Stolen Focus: Why You Can't Pay Attention
- Author: Johann Hari
- Language: English
- Genre: Psychology, self-help
- Publisher: Bloomsbury Publishing
- Publication date: January 6, 2022
- Pages: 352
- ISBN: 9781526620224

= Stolen Focus =

2022 non-fiction book by Johann Hari

Stolen Focus: Why You Can't Pay Attention (Note: Published as Stolen Focus: Why You Can't Pay Attention—and How to Think Deeply Again in the United States.) is 2022 non-fiction book written by Johann Hari and published by Bloomsbury Publishing. The book addresses the systemic causes of attention crisis in the information age, particularly addictions to social media and smartphones.

== Summary ==
In the book Hari examines the attention crisis in the information age and its potential causes. He identifies two causes: (1) personal failure, and (2) the actual causes--deeper powerful forces, including Big Tech. The main body of the book is divided into 12 chapters to address 12 deeper causes.

These deeper causes include physical and mental exhaustion and frequent distractions caused by smartphones. Hari argues that modern technology such as social media apps is deliberately made to capture and manipulate people's attention rather than serve humanity and that it only makes it harder for people to focus. He further notes that multitasking isn’t actually effective and that switching between tasks wears down the brain. Other elements discussed in the book include mind-wandering, which Hari finds is essential for human attention to properly function. Hari also discusses how tech companies impact the attention span. He uses Facebook and YouTube as examples of companies that purposefully try to maximize screen time so that they can collect extensive personal data that they can in turn use to fine-tune recommendations and ensure longer engagement.

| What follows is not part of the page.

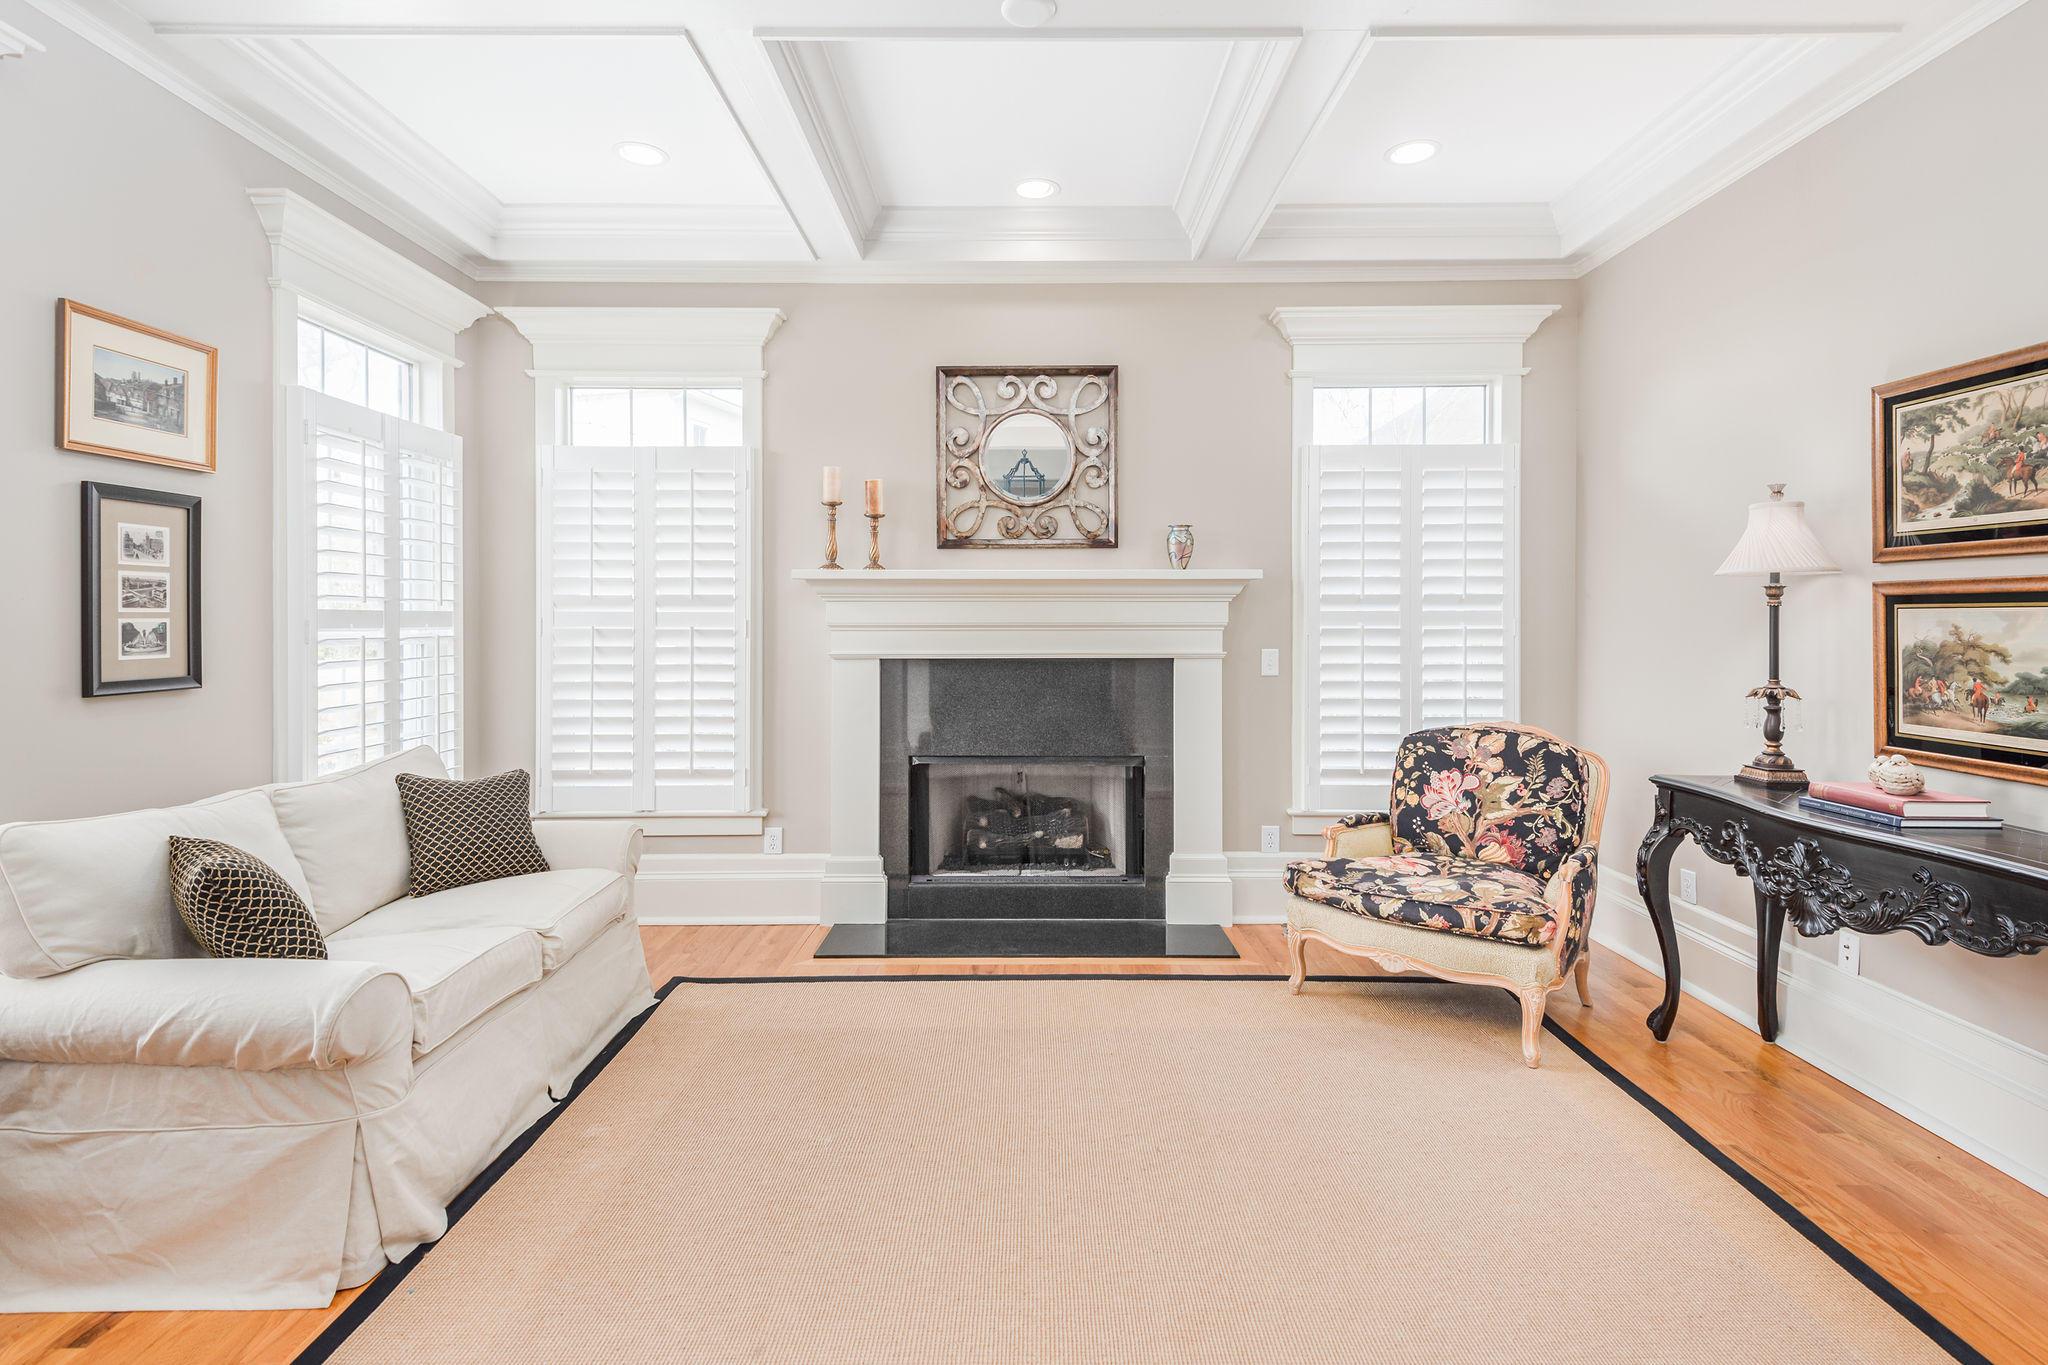 Dunes West Homes For Sale - 1305 King Bird, Mount Pleasant, SC - 48

During the course of the book Hari covers a digital detox that he undertook as an experiment. He purposefully switched to a non-internet capable flip phone and used a printed road map to navigate through Provincetown, Massachusetts, where he was staying in a beach house. He initially experienced agitation because he could not access the internet, but found that the longer he abstained the more he found himself able to easily clear his mind and focus on a single task. Hari also described that allowing his mind to wander brought him profound thoughts and innovative concepts.

Also in the book Hari discusses ways to fix the issues of attention. In one chapter he argues that simply trying harder or improving time-management isn’t enough, because our workplaces and technologies are built to demand constant availability. Being expected to reply instantly to emails, messages, and notifications creates stress and actually lowers productivity. Instead of blaming individuals, Hari suggests bigger, system-level changes, like regulating tech companies that profit from keeping people glued to their screens. He emphasizes that real solutions have to be collective, not just personal, and that protecting attention should be treated like a public health issue.

In the book's conclusion Hari describes the waning attention in the general population as a part of today's societal design as opposed to one's personal failing and suggests creating an "attention rebellion" to counteract the effects of our decreasing attention. Johann advocates for limiting access to the internet, reducing stress levels, shortening working hours, allowing children to play separately from screens, engaging in literature, and caring for one's physical health. He believes that a movement to regain the population's attention will bring truly important issues to the forefront of their minds, improving our future and paving the way for a more connected and protected society.

== Publication ==
Stolen Focus was first published in the United States in hardcover and e-book format on January 25, 2022, through Crown Publishing. An audiobook version narrated by Hari was published simultaneously through Random House Audio. The book has been translated into other languages such as Korean, Spanish, and Chinese.

== Reception ==
A review on San Francisco Chronicle notes that Stolen Focus examines the ecosystem, or the deeper causes, of the attention crisis, other than limiting on personal solution.

Kirkus Reviews gave Stolen Focus a positive review, praising its energy and style. Karlin Lillington, writing for The Irish Times, praised Stolen Focus for making academic research accessible, but added Hari sometimes goes too far in reducing complex topics to bullet points. A subsequent column in The Irish Times by Hugh Linehan cites criticism from psychologist Stuart J. Ritchie to note a lack of scientific evidence for the book's central thesis that people's ability to focus has changed over time. The Sydney Morning Herald recommended the book for people interested in the subject, but described Stolen Focus as mostly a retelling of research already covered in other publications.